Tous les dinosaures végétariens ne mâchaient pas leur nourriture de la même manière
Si des études ont montré comment les différents dinosaures se nourrissaient, on sait très peu de choses sur l’évolution de leur style d’alimentation préféré. Dans une nouvelle étude, des chercheurs ont découvert un nombre surprenant de différences dans la façon dont ces animaux disparus qui dominaient la planète abordaient un régime à base de plantes, en reconstituant les muscles de la mâchoire et en mesurant la force de morsure des dinosaures.
Image d’entête : reconstruction de la chair de la tête et du cou du dinosaure herbivore Heterodontosaurus tucki des formations Upper Elliot et Clarens du Jurassique inférieur d’Afrique du Sud. (Tyler Keillor)
Un groupe de chercheurs de l’université de Bristol, au Royaume-Uni, a utilisé des scanners de crânes de dinosaures pour suivre l’évolution des premiers herbivores. Ils ont analysé cinq crânes de dinosaures du groupe des ornithischiens, dont l’Heterodontosaurus, le Lesothosaurus, le Scelidosaurus, l’Hypsilophodon et le Psittacosaurus.
Ce sont les premiers représentants de ce qui deviendra plus tard le plus grand groupe de dinosaures herbivores. Bien qu’ils soient tous végétariens, ces cinq animaux ont évolué de manière différente et se sont adaptés à la consommation de plantes. Selon les chercheurs, cette découverte pourrait permettre de mieux comprendre comment les dinosaures ont évolué pour occuper certaines niches écologiques.
Selon l’auteur principal de l’étude, David Button :
Lorsque nous avons comparé les performances fonctionnelles du crâne et des dents de ces dinosaures herbivores, nous avons constaté des différences significatives dans les tailles relatives des muscles de la mâchoire, les forces de morsure et la force de la mâchoire entre eux, ce qui montre qu’ils avaient évolué de différentes manières pour aborder leur régime alimentaire.
Après avoir réalisé des tomodensitométries sur les fossiles, les chercheurs ont reconstitué les muscles de la mâchoire à l’aide de données provenant d’espèces vivantes, telles que des oiseaux et des crocodiles, afin de déterminer où les muscles auraient été situés.

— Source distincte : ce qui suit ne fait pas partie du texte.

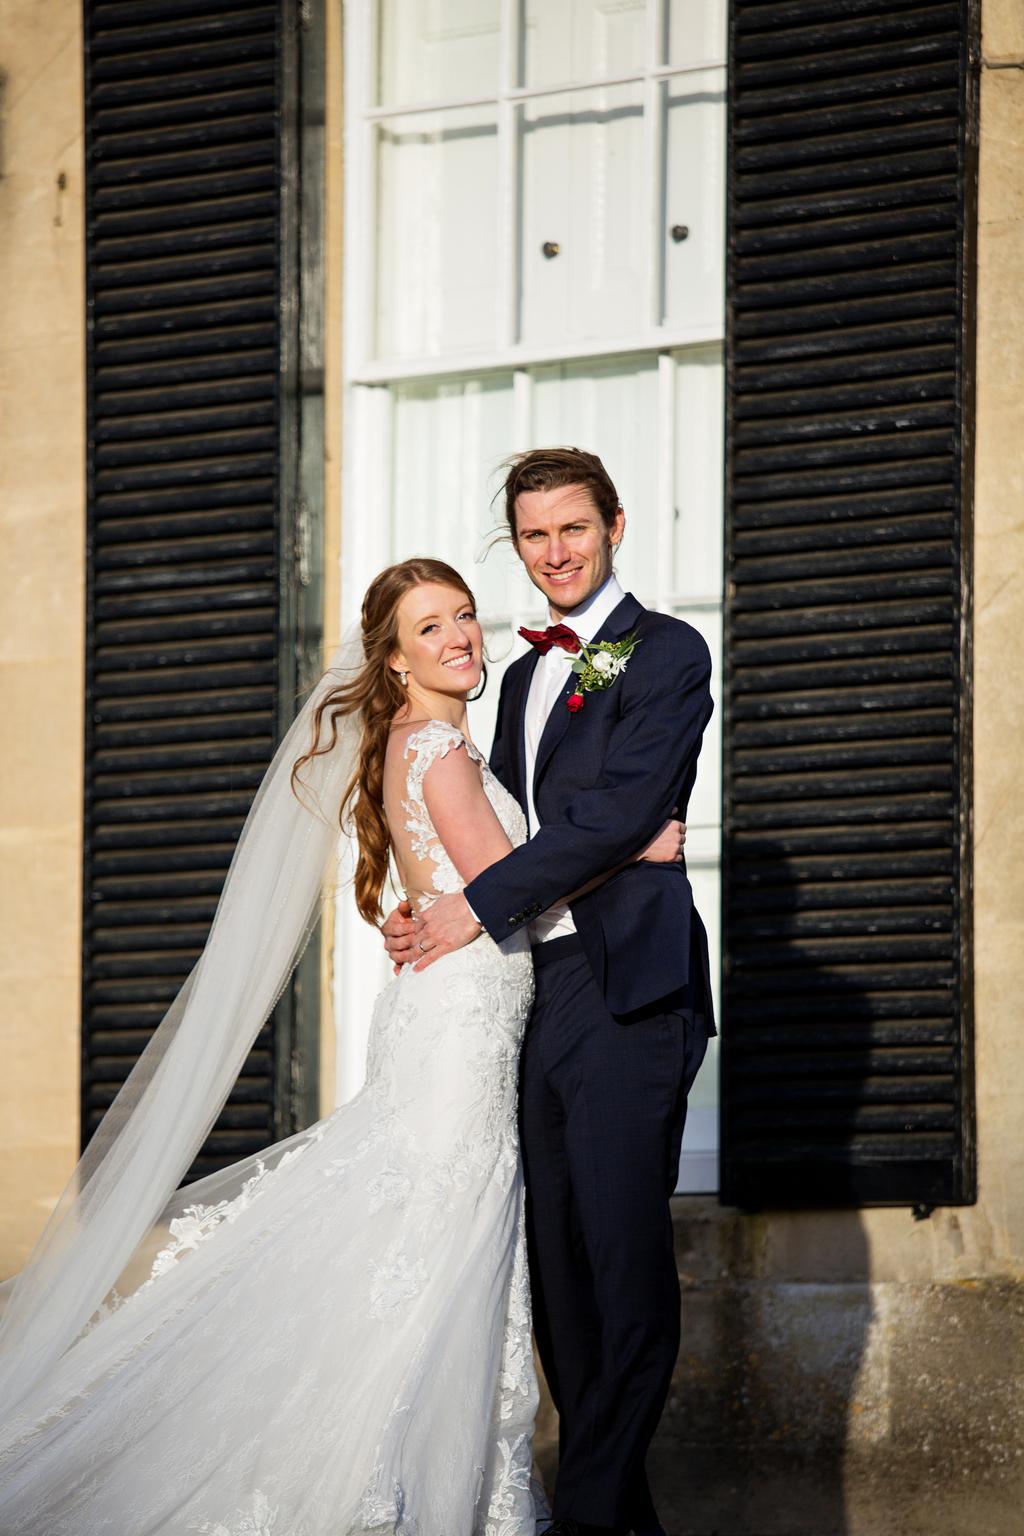 Real wedding in 2020 by Bristol wedding photographer Martin Dabek on English-Wedding.com
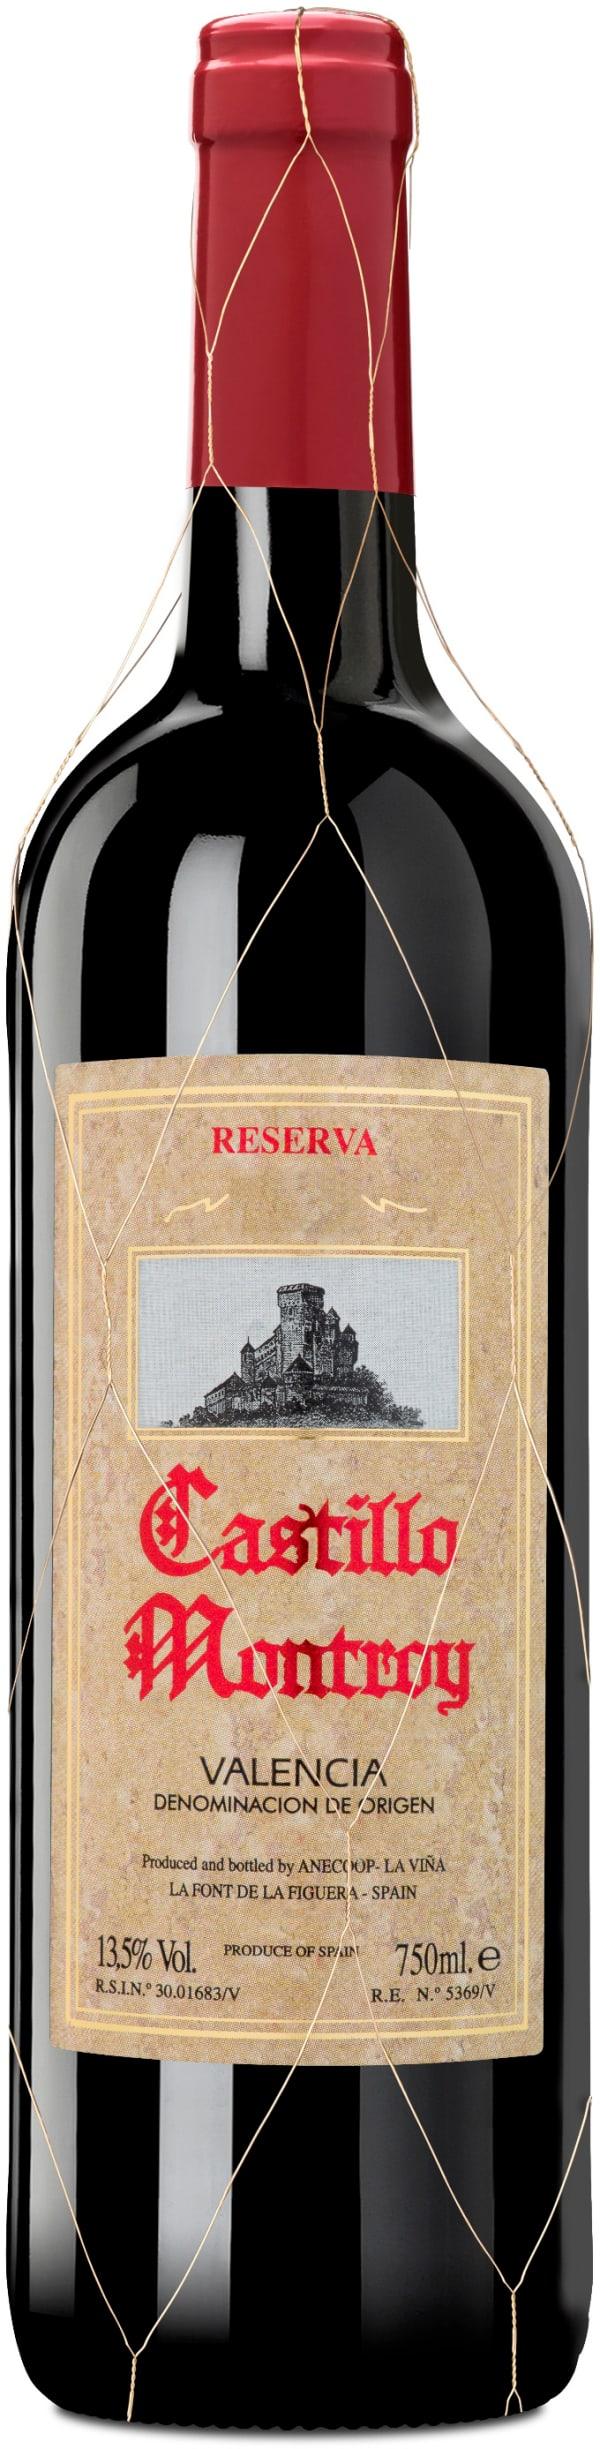 Castillo Montroy Reserva 2015

Ils ont ensuite procédé à une « analyse par la méthode des éléments finis« , une méthode numérique qui divise une surface en de nombreuses parties plus petites pour prédire comment un modèle réagira aux forces dans le monde réel, et ils ont calculé la force de morsure des muscles en fonction de leur taille et de leur disposition.
Reconstitutions tomodensitométriques des crânes et des mâchoires, ainsi que diagrammes de l’emplacement des muscles de la mâchoire chez chaque dinosaure. L’arbre généalogique simplifié ci-dessous montre comment ils sont liés les uns aux autres. (David Button/ Université de Bristol)
Pendant les simulations, les crânes ont mordu un objet imaginaire afin que les chercheurs puissent voir comment les différents éléments réagissent à la force appliquée. Des cartes thermiques ont montré les zones du crâne qui sont fortement sollicitées et celles qui ne le sont pas. Les résultats ont montré que tous les dinosaures concernés par l’étude mangeaient des plantes, mais que chacun avait sa propre façon de procéder.
Certains des modèles d’éléments finis comparant les performances de morsure des cinq dinosaures ornithischiens de l’étude, les différents modèles montrant différents points de morsure. Les couleurs froides (bleu) représentent les zones de faible contrainte tandis que les couleurs chaudes (rouge et rose) indiquent les zones fortement sollicitées. (David Button/ Université de Bristol)
L’hétérodontosaure, par exemple, semble avoir de gros muscles maxillaires par rapport à la taille de son crâne, produisant une force de morsure élevée, idéale pour manger des végétaux coriaces. Le Scelidosaurus avait une force de morsure similaire, mais des muscles maxillaires plus petits. Le crâne de l’Hypsilophodon, quant à lui, n’avait pas de gros muscles, il les a donc réorientés pour mordre plus efficacement avec moins de force musculaire.
Selon l’auteur de l’étude, Stephan Lautenschlager :
Certains compensaient leurs faibles performances alimentaires par leur taille, tandis que d’autres développaient de plus gros muscles maxillaires, augmentaient l’efficacité du système maxillaire, ou combinaient ces approches. Bien que ces animaux se ressemblent beaucoup, leurs solutions individuelles aux mêmes problèmes illustrent la nature imprévisible de l’évolution.
L’étude publiée dans Current Biology : Multiple pathways to herbivory underpinned deep divergences in ornithischian evolution et présentée sur le site de l’université de Bristol : ‘Veggie’ dinosaurs differed in how they ate their food.